I have a 3 years old hp pavilion laptop running Vista Home 32 bit. I have a cable broadband (RJ45) internet connection from a local ISP. I have a fixed IPv4 IP address. Yesterday I was browsing the web when suddenly the connection went dead. 

On pinging the host I am getting the below error message:

PING: transmit failed, error code 1232 

Tried rebooting the laptop, refreshing all settings but no avail. Even the light in the cable jack is not blinking. 

Rebooted in Safe mode with networking. Now pinging shows a new error message. "Destination host unreachable"  back to normal boot, now again Error 1232  also the Network Icon has gone from the system tray. I cant bring it back as the network check box is grayed out now. 

Today morning when I booted the PC again in normal mode it took about 15 minutes to boot up. then Vista showed me a message that "A new PCI device has been detected. Windows need to install driver software for that". 

It asked me to insert the disk which has the driver, but I dont have any such disk. I tried to force windows to look into System32 for the driver but it could not find the driver. 
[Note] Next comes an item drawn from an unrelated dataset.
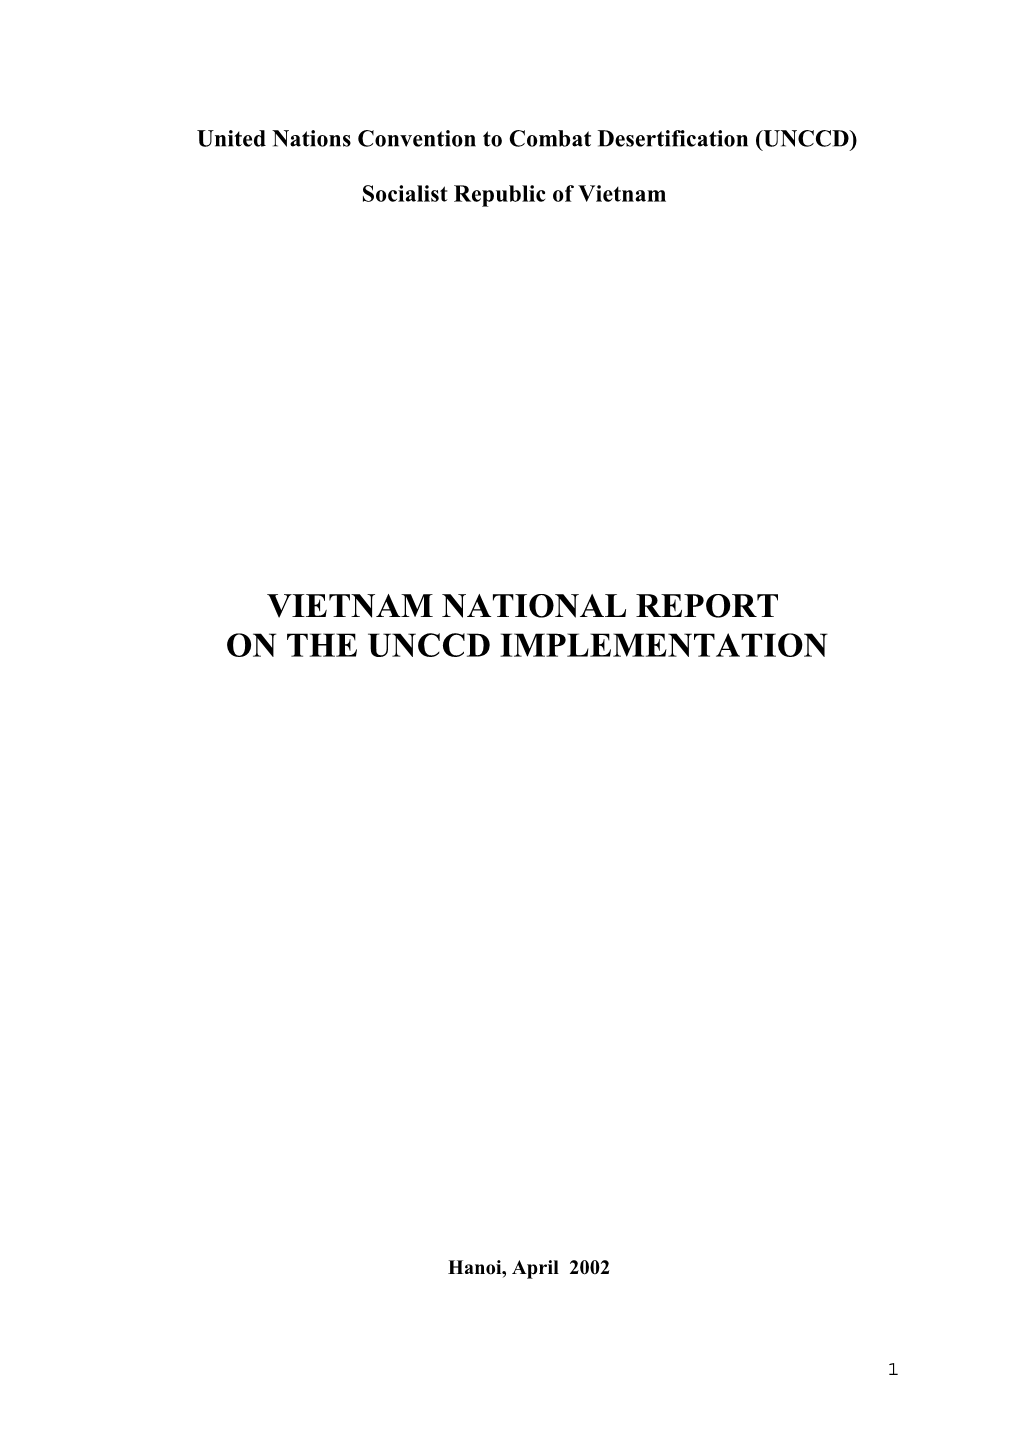 Vietnam National Report on the Unccd Implementation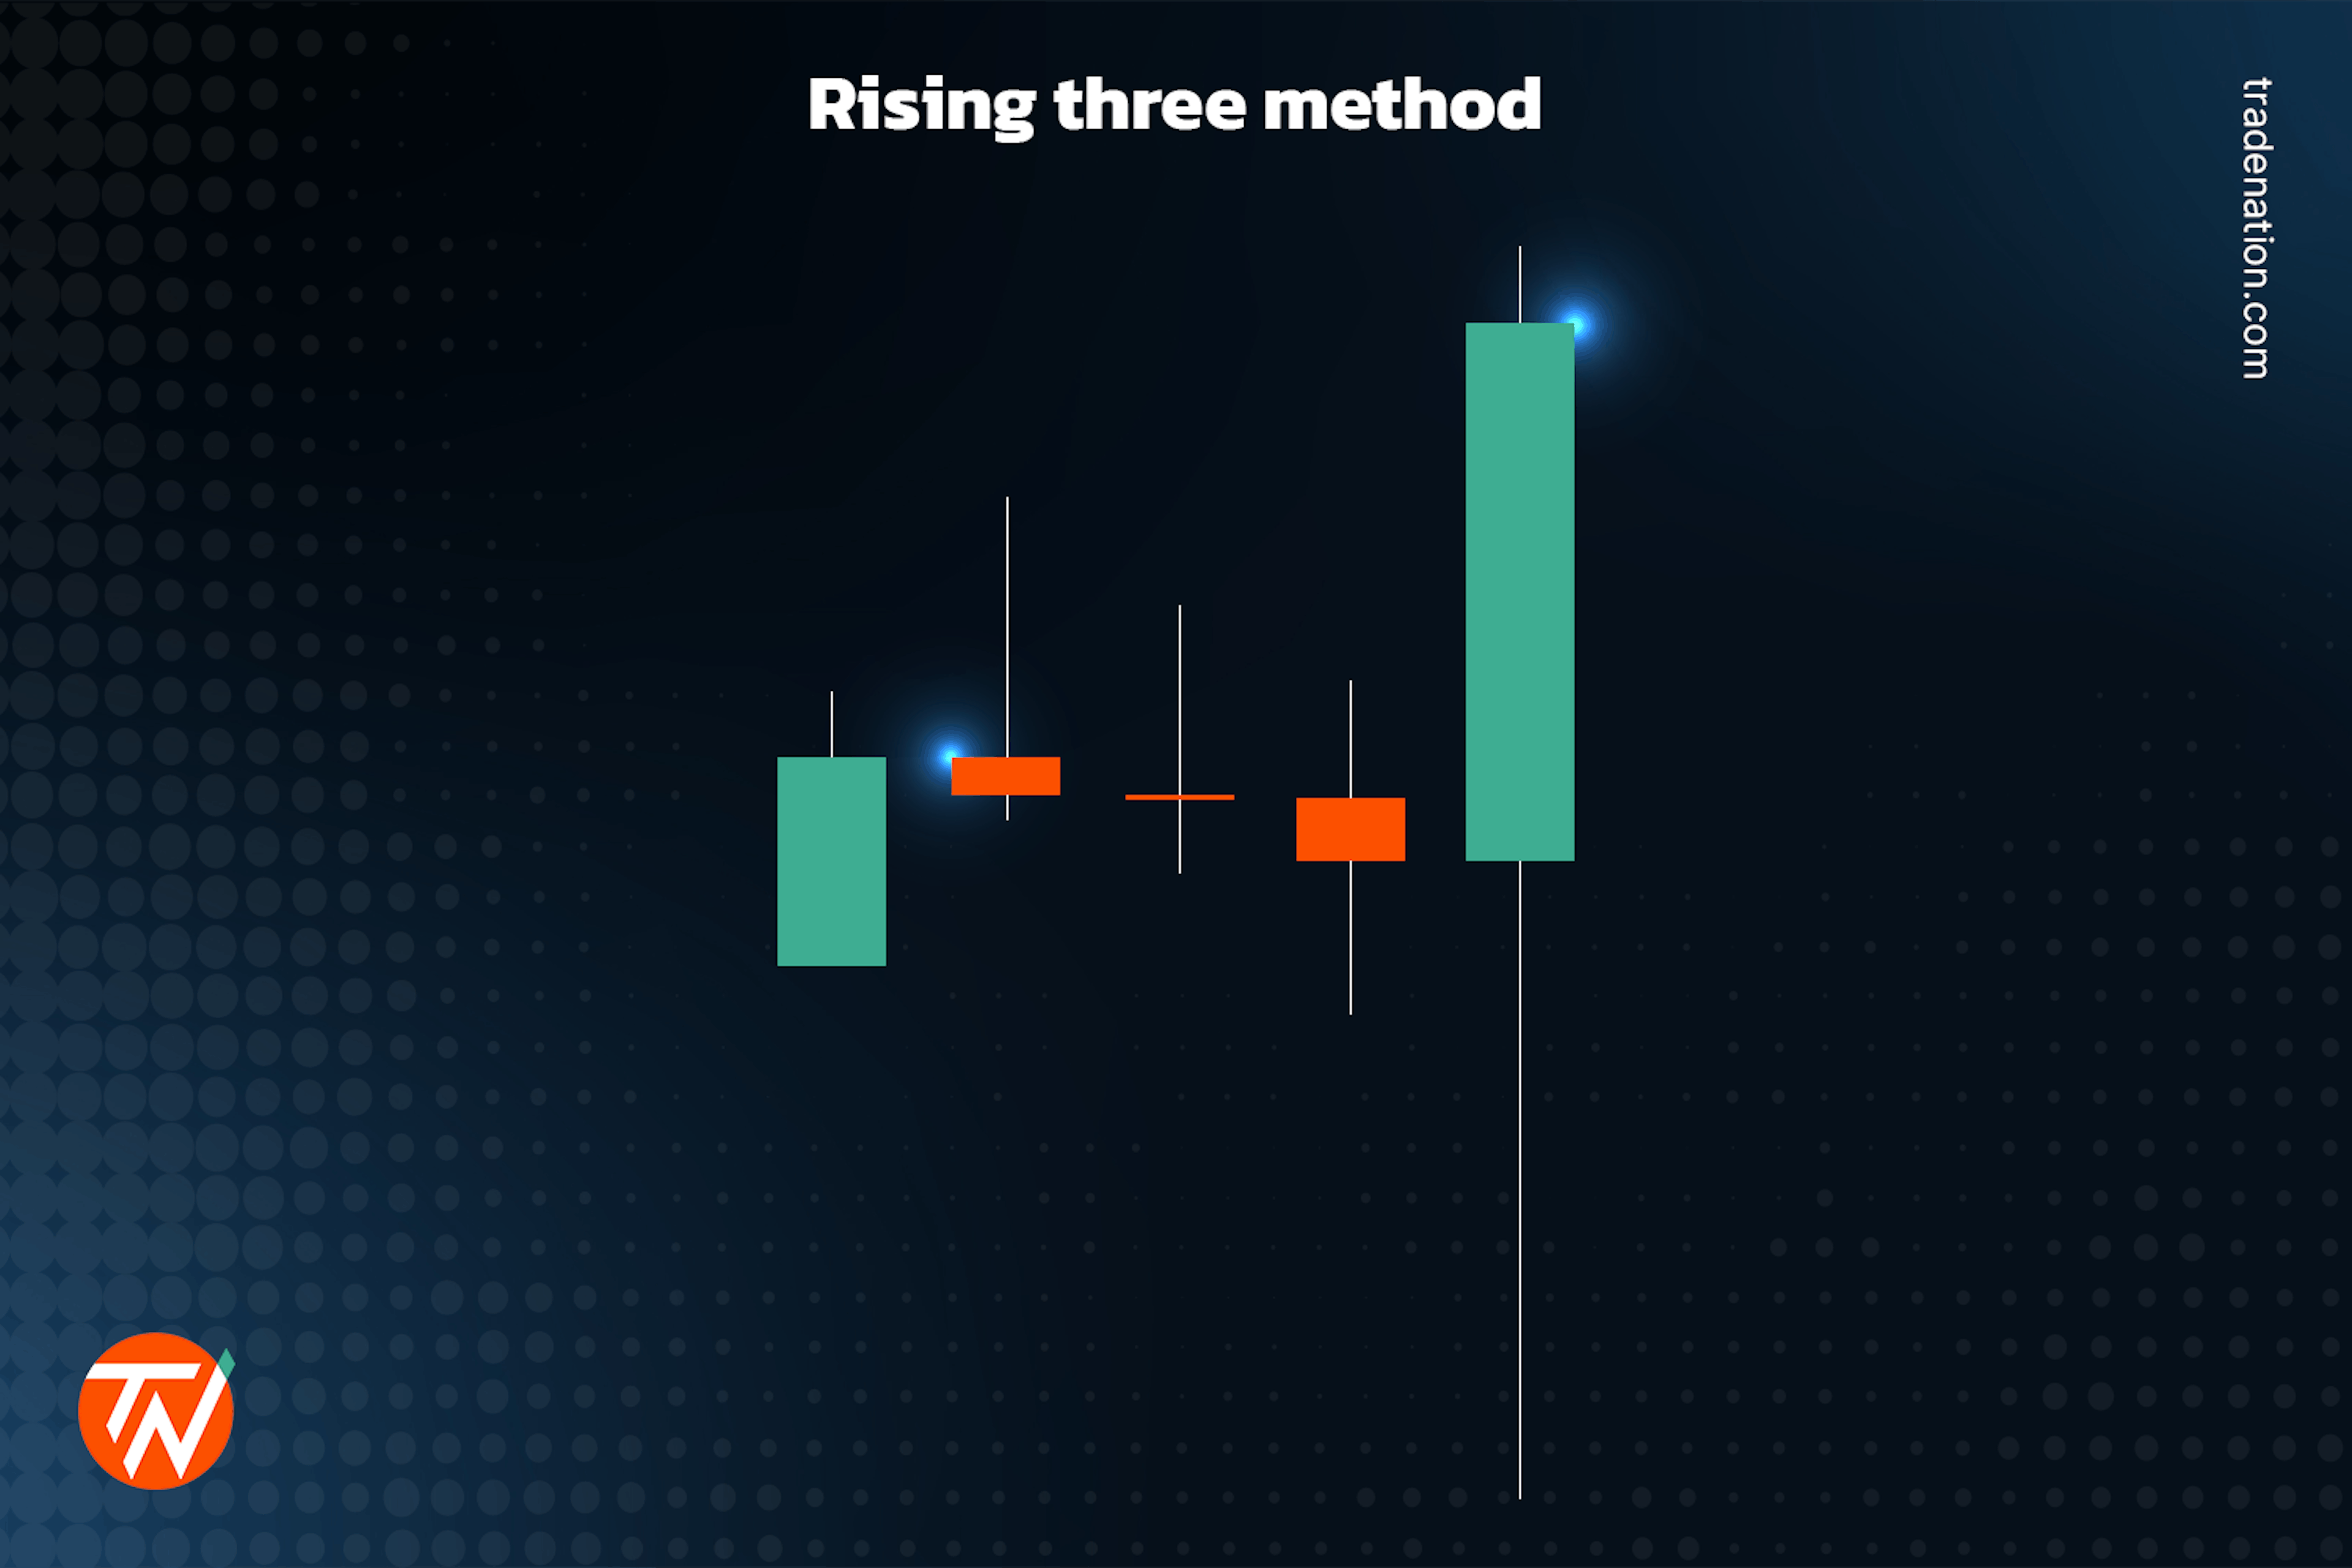 Rising three method candlestick pattern

How can I find out whats the problem?


----------



## mithun_mrg (Dec 1, 2011)

^^try a system restore to a day before yesterday or post the exact model of u r laptop u need to re-install the Ethernet driver


----------



## MarveL (Dec 1, 2011)

mithun_mrg said:


> ^^try a system restore to a day before yesterday or post the exact model of u r laptop u need to re-install the Ethernet driver



Thanks, The problem is fixed now  laptop connecting to internet again  
I am not sure what caused the error, but I repaired vista using HP recovery center and everything running fine now


----------



## surajgawande (Dec 2, 2011)

dear frnd u can chaque ur brodband connection line and otherwise u also search drivers on internet


----------